When tragedies happen, people always say “nothing can prepare you for this”.  I don’t think they mean the actual tragic occurance however.  After all, there are fire drills, and earthquake drills, and books and courses on emergency preparedness.  So really, there doesn’t seem to be a lack of trying to prepare for every possible horror anyway.  I’m fairly certain I’ve even heard about books that will prepare you to handle a zombie attack.  So, can we honestly say, in the face of some traumatic event that “nothing” can prepare us for it?  No.  But I think I’ve figured out what people are truly saying in that phrase.  It’s not that we aren’t prepared, practically speaking.  It’s that we aren’t prepared emotionally.  Of course, dealing with the reality of a trauma, even one that you may have practiced for a dozen times, like say, a fire, is bound to be far far worse than any amount of planning  could have anticipated.  So while you may manage to escape the fire because you spent years rehearsing your exit route, you couldn’t possibly practice an exit from the emotional aftermath.

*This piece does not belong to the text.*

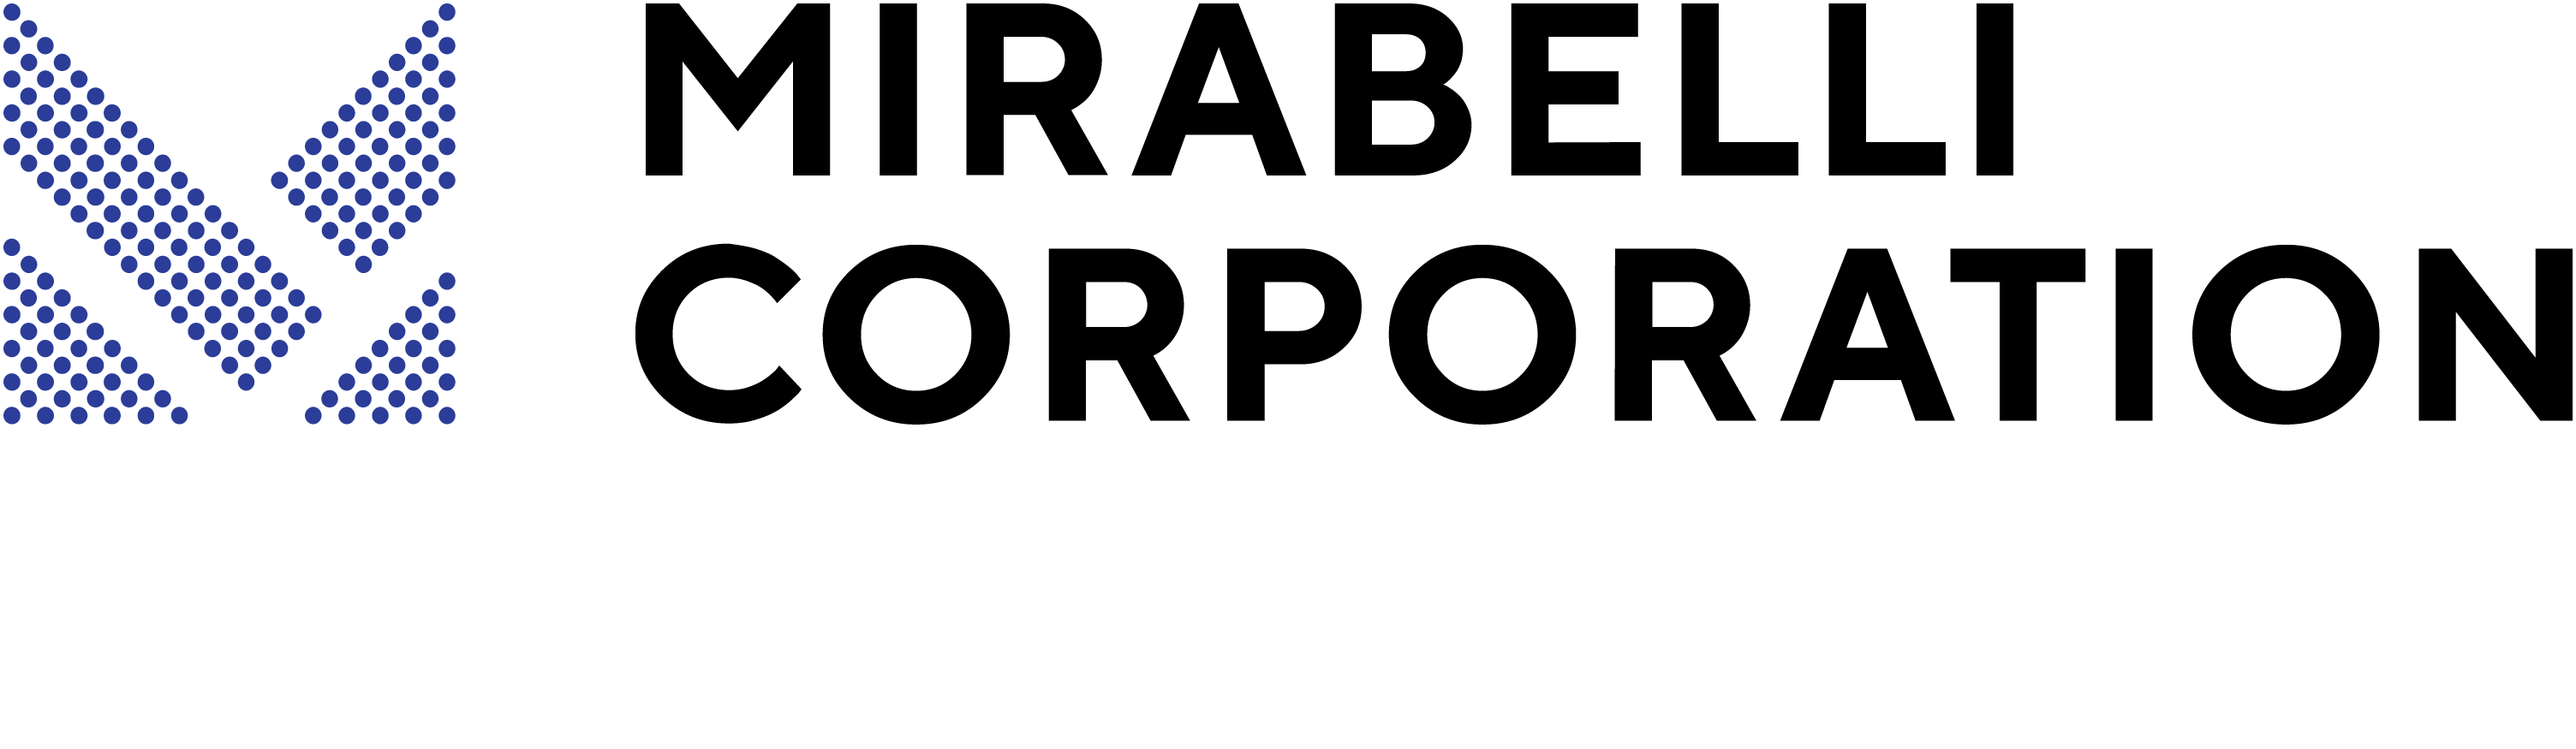 Mirabelli Corporation Logo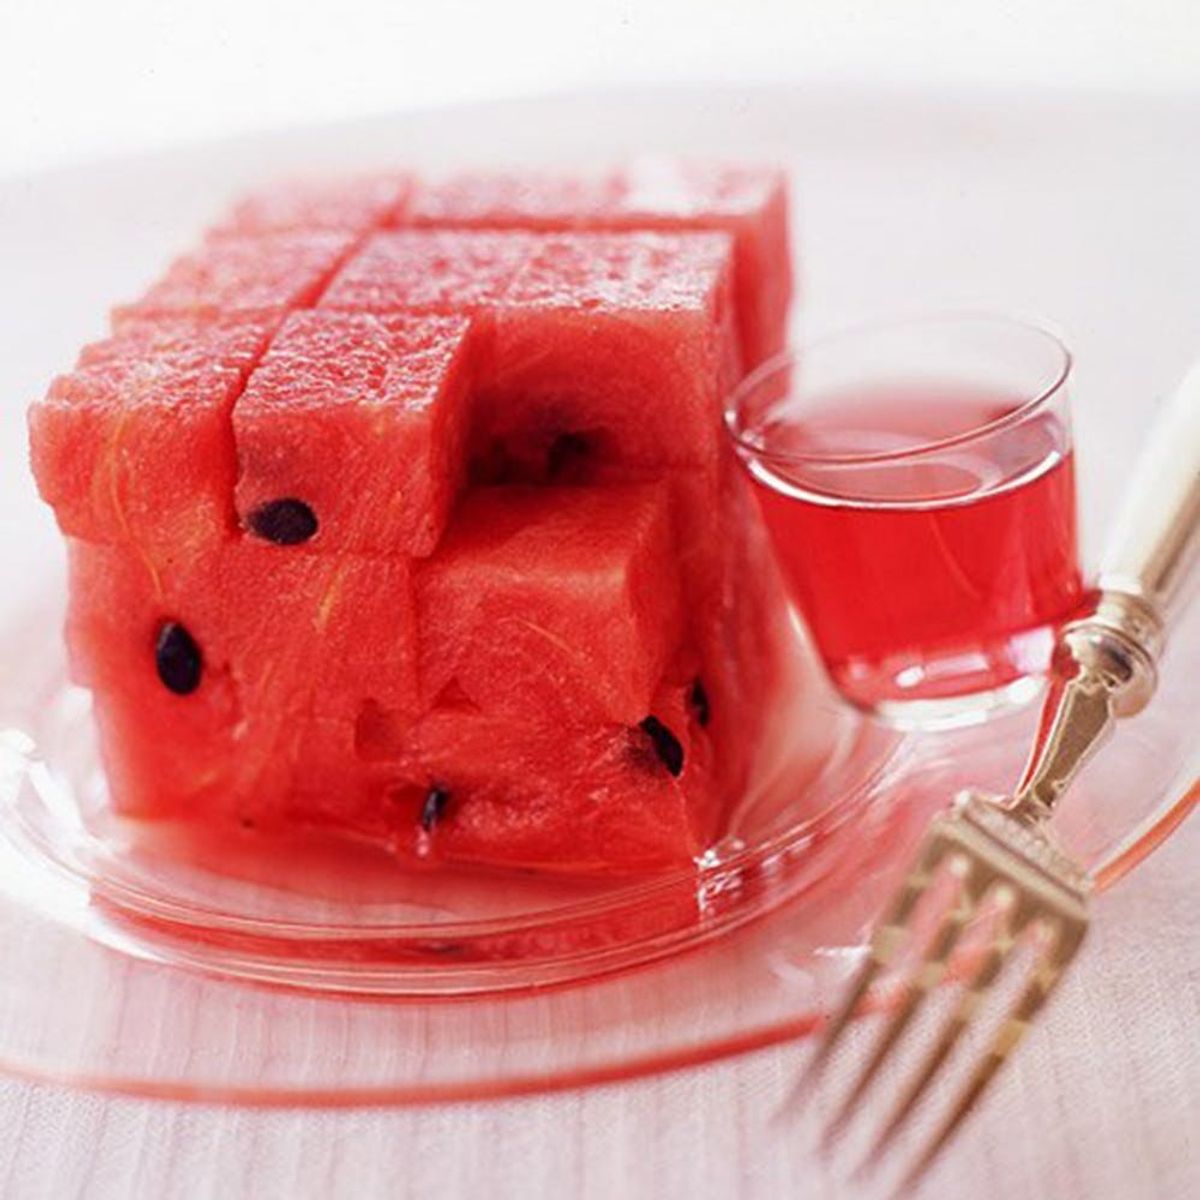 25 Ways to Win With Watermelon

What about the smaller, quieter, more personal traumas though?  These you can’t  rehearse ahead of time, because you can’t even conceive of their possibility.  Loss.  Lonliness.  Depression.  No one anticipates these things occuring.  These are the fires and destruction that occur within.  Sure, there are books that can help you deal with it after the fact.  And at a certain point you may even see these things coming, so you might try to head them off somehow.  But when they hit you, it’s always far worse than you can imagine. 

My marriage is in trouble.  I could go buy every book in the self-help section, but my emotions have already overwhelmed me.  I feel hopelessly lost.  The person I wish to lean on most is turning a deaf ear.  I could scream (and I have) but that only gives me a sore throat.  There is neither death nor destruction around me.  Buildings have not crumbled.  Smoke is not rising (only figuratively).  I certainly cannot compare my pain to that of anyone experiencing the heart-wrenching tragedies of shared loss, like those poor souls in Japan.    I pray I never have to know what that sort of pain feels like.   Nevertheless, I’m suffering.  My marriage is my life’s anchor.  I won’t insert some lame Titanic methaphor here, but forgive me when I say, I have been watching a sinking ship for several months  now and I’m terrified. 

Nothing could have prepared me for this.